S Abdul Khaliq’s main specialty, the traditional Habshi Halwa, has always set it apart from other sweet makers due to its unique taste and the rich history attached to this house special item. PHOTO: FILE

KARACHI: 

Amidst growing competition and rapid innovation that have changed the dynamics of sweets and bakery business, S Abdul Khaliq, Pakistan’s oldest mithai [sweet] brand, is struggling to expand – the unique taste and traditional halwa, however, helped Khaliq survive the competition.

Based out of Karachi, S Abdul Khaliq Shahi Halwa Sohan Merchant is the oldest mithai brand in the country with roots tracing back to early 1500s and the Royal Court of the Moghul Emperors. The Moghul Emperor Humayun, Queen Victoria and Mirza Ghalib have all tasted Khaliq’s halwas [sweets], claims their website.

Their main specialty is the traditional ‘Habshi Halwa’, which is why they are known as Shahi Halwa Merchant, the man in charge of the business, M Hanif told The Express Tribune. Hanif is supervising the business because the owners have moved abroad.

What has always set Khaliq apart from other sweet makers is the unique taste of its products and the rich history attached to its house special item: Habshi Halwa.

The owners claim that their ancestors had remained the official halwa makers of the royal court for almost 300 years. The Moghul emperors liked the taste of their halwas to the extent that they kept it exclusive to the royal family and even restricted the general public from tasting it.

It was, however, in 1835 that Abdul Ghafoor was permitted to sell his royal recipes to the general public and he opened a shop in Chandni Chowk in Delhi, India. The recipes were handed down the generations from Abdul Ghafoor to Abdul Hameed and Abdul Hameed to Abdul Wahid – the present day Sheikh Abdul Khaliq (late). The current owners are said to be the third generation running the business.

Despite such a rich history and unique taste, the traditional sweets maker has not been able to expand beyond three outlets – and that, too, in Karachi.
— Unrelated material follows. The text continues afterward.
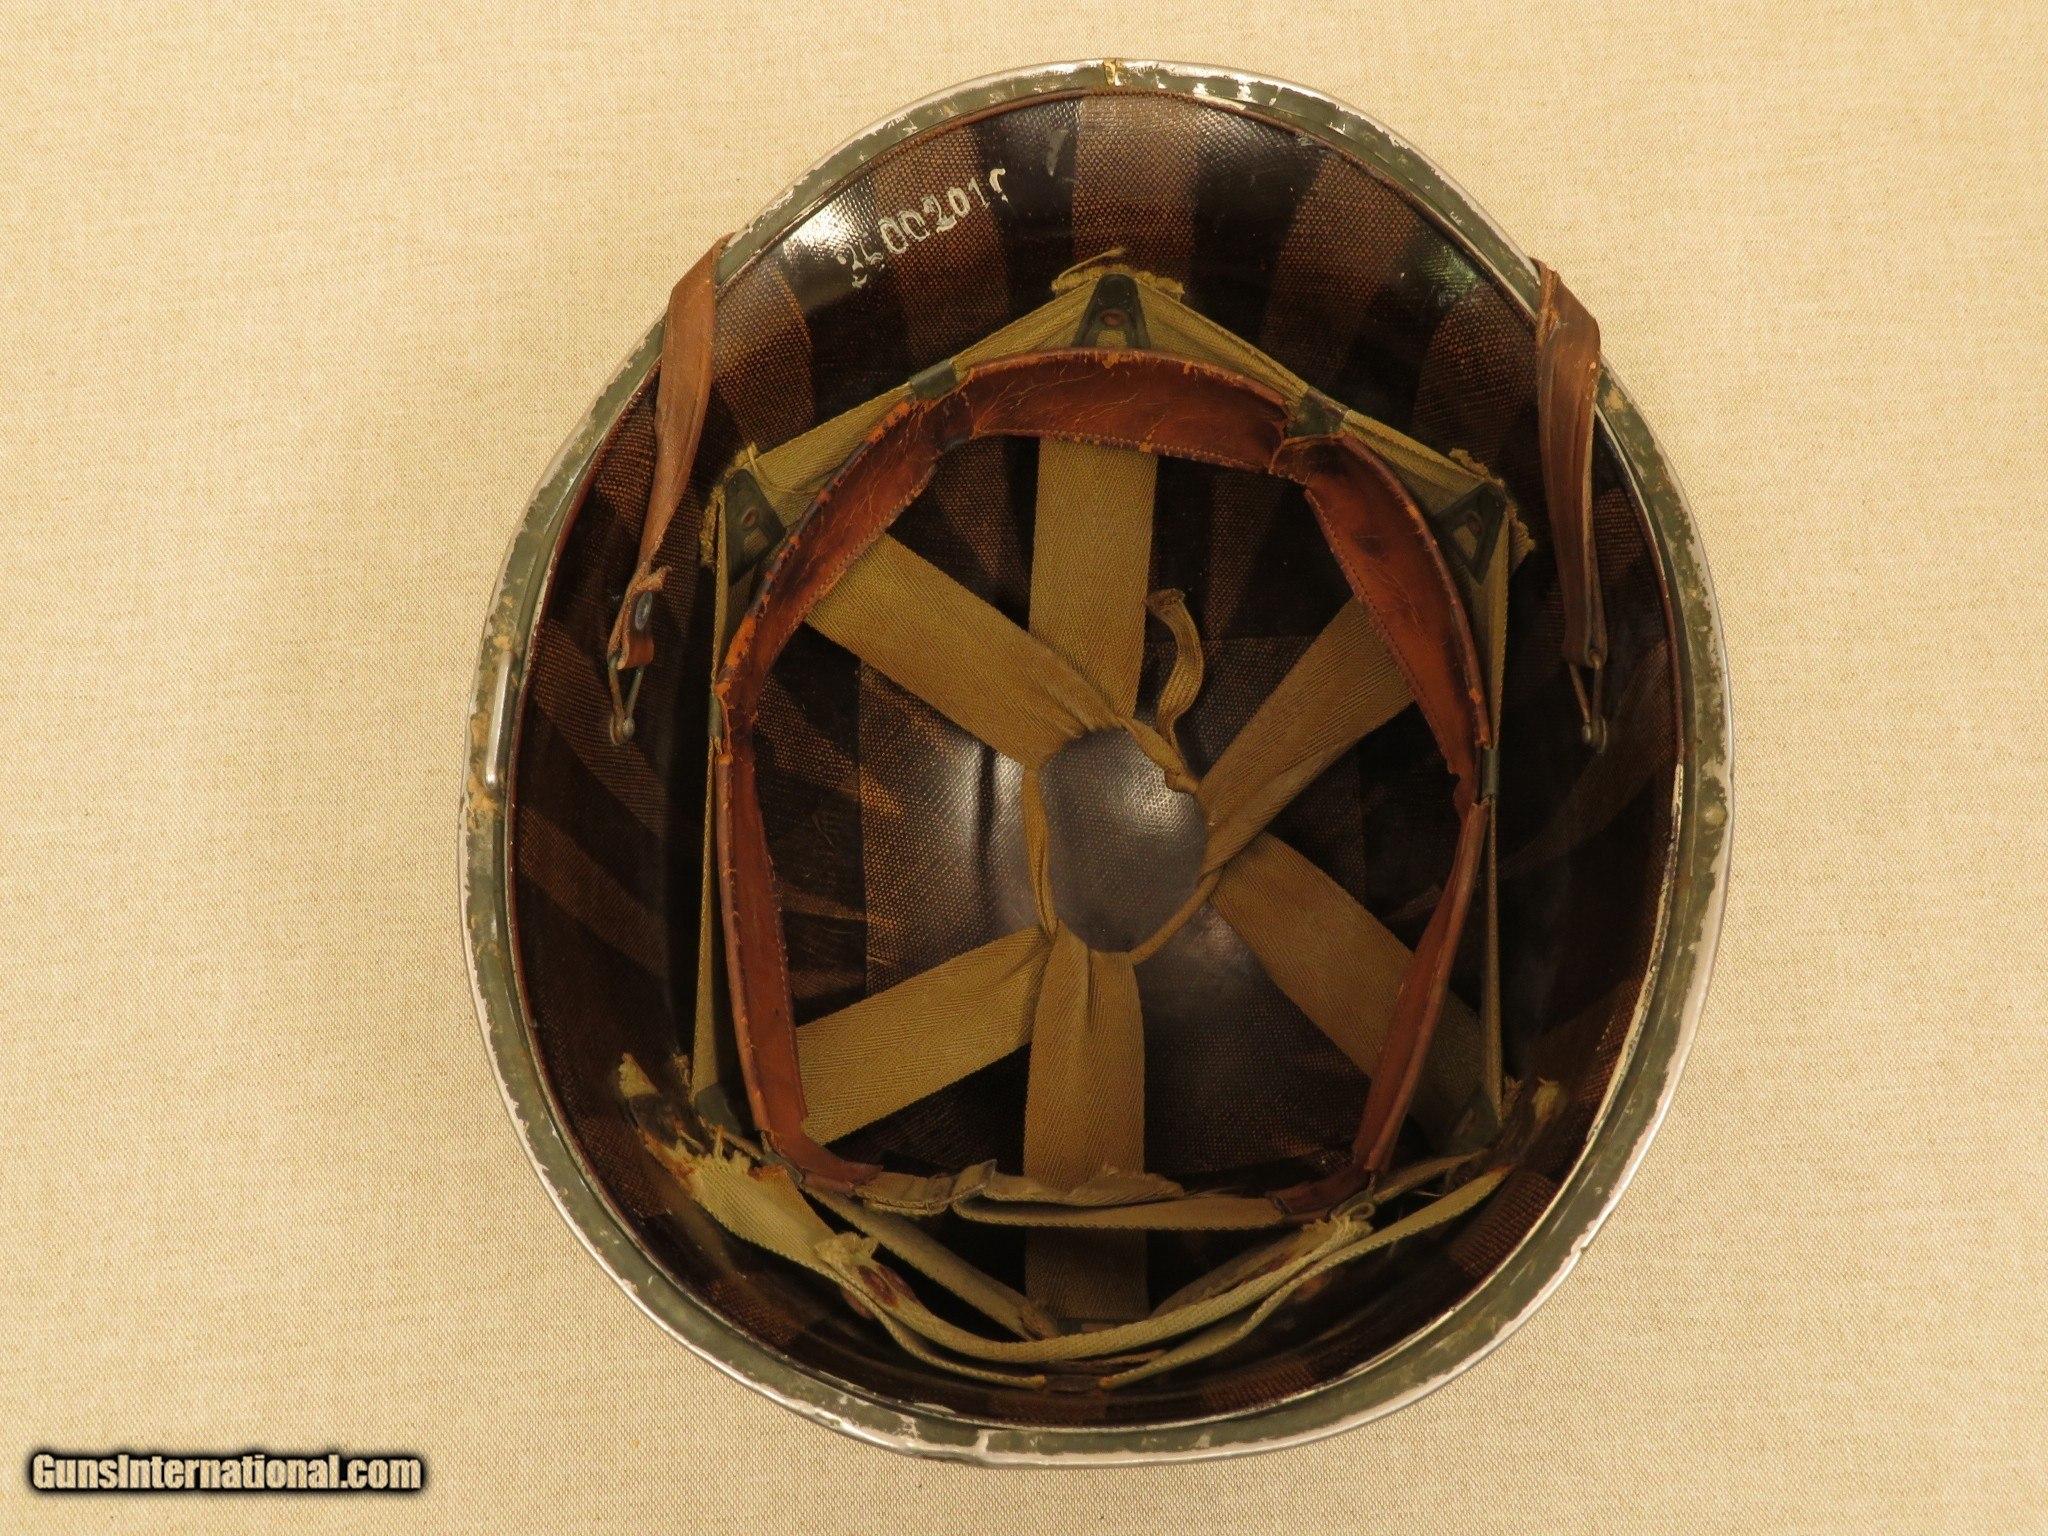 WW2 U S  M1 Helmet from 1st Lt  W  Gerhardt of the 36th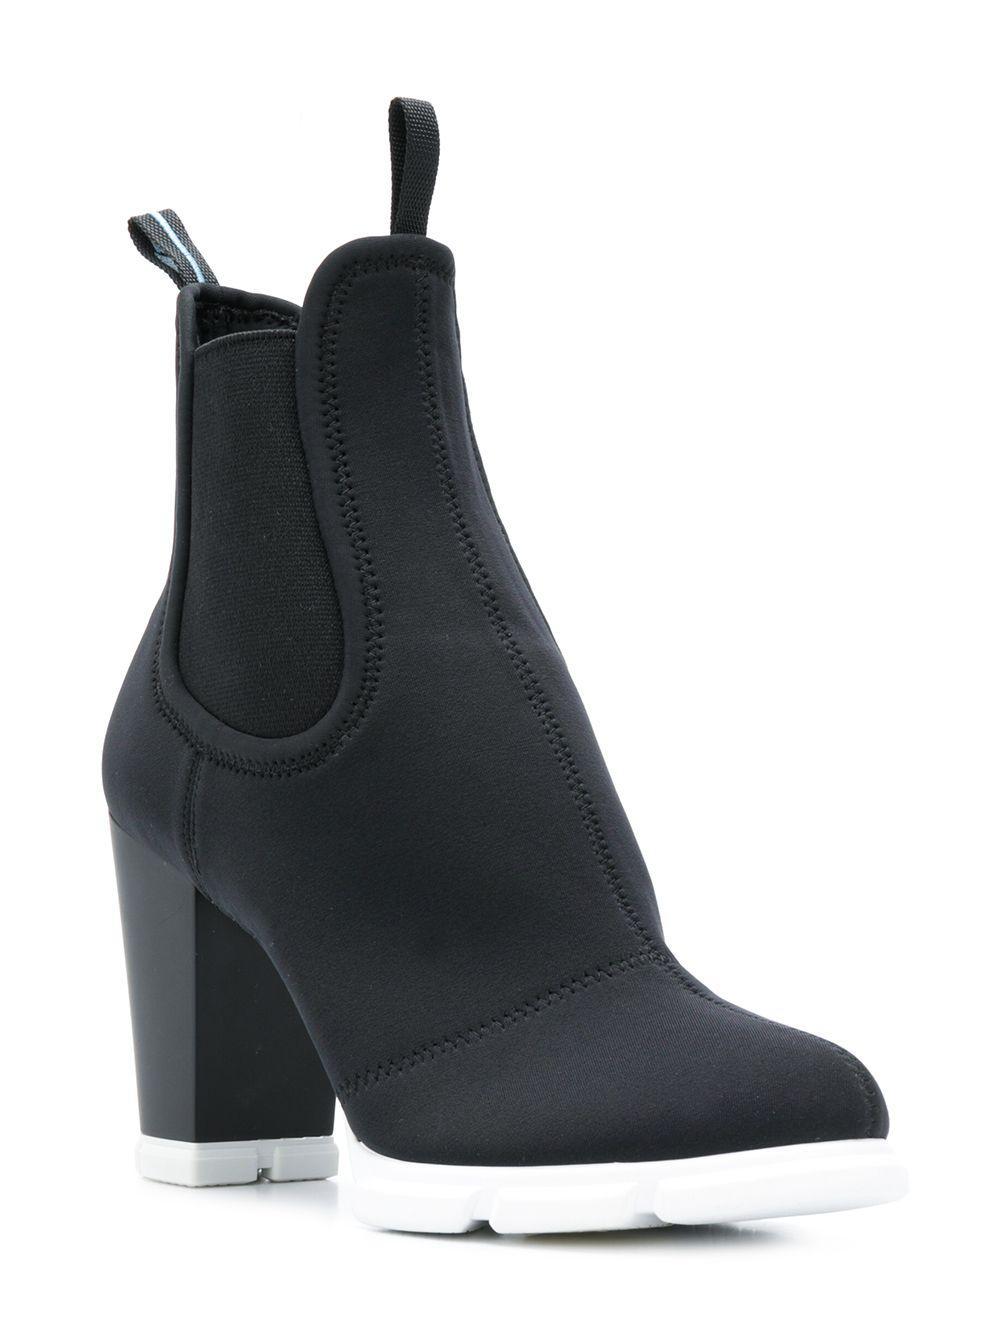 8f1addeb8e59 Lyst - Prada Scuba Ankle Boots in Black

“One has to be innovative and competitive to remain on top of the game,” said Nauman Mirza, who runs an online food portal Foods Connection Pakistan that promotes food outlets, restaurants, sweet marts and bakeries in all big cities of the country.

“By now, they should have had about 30 outlets in Karachi, Lahore and Islamabad,” Mirza said, adding, “They did not expand or grow when it was required of them.” Even their last branch was opened in Saddar at a time when Saddar-based businesses were relocating to places where the consumers are – Nazimabad and Gulshan-e-Iqbal, for example.

Although Khaliq has not yet benefited from the consumer boom that has already helped other sweets makers and bakeries grow manifold, the traditional halwa maker has not completely given up. The business is running a franchising scheme, which according to Hanif, is part of their expansion plan.

Given cakes are rapidly taking over the tradition culture of sweets, Khaliq tried its luck by entering the cake business. They seem to be trying various other things that include a modern website offering all kinds of online retail facilities. Their in-house printing press helps them design beautiful “made to order” hand-made and printed boxes.

Despite all the creativity and variety associated with their cakes, the product has not clicked yet, Hanif admitted, Khaliq has received rave reviews from customers on Foods Connection Pakistan but mostly for its mithai (sweets).

“Their cake business did not click because they have established themselves as sweet makers. Therefore, when they introduced cakes, they should have marketed it properly,” Mirza said. “They are still surviving because their sweets have a unique taste,” he said.

Mirza also said for S. Abdul Khaliq there is a possibility of age disconnect that is the brand is more popular in older generation compared to younger generation.

Published in The Express Tribune, April 12th, 2013.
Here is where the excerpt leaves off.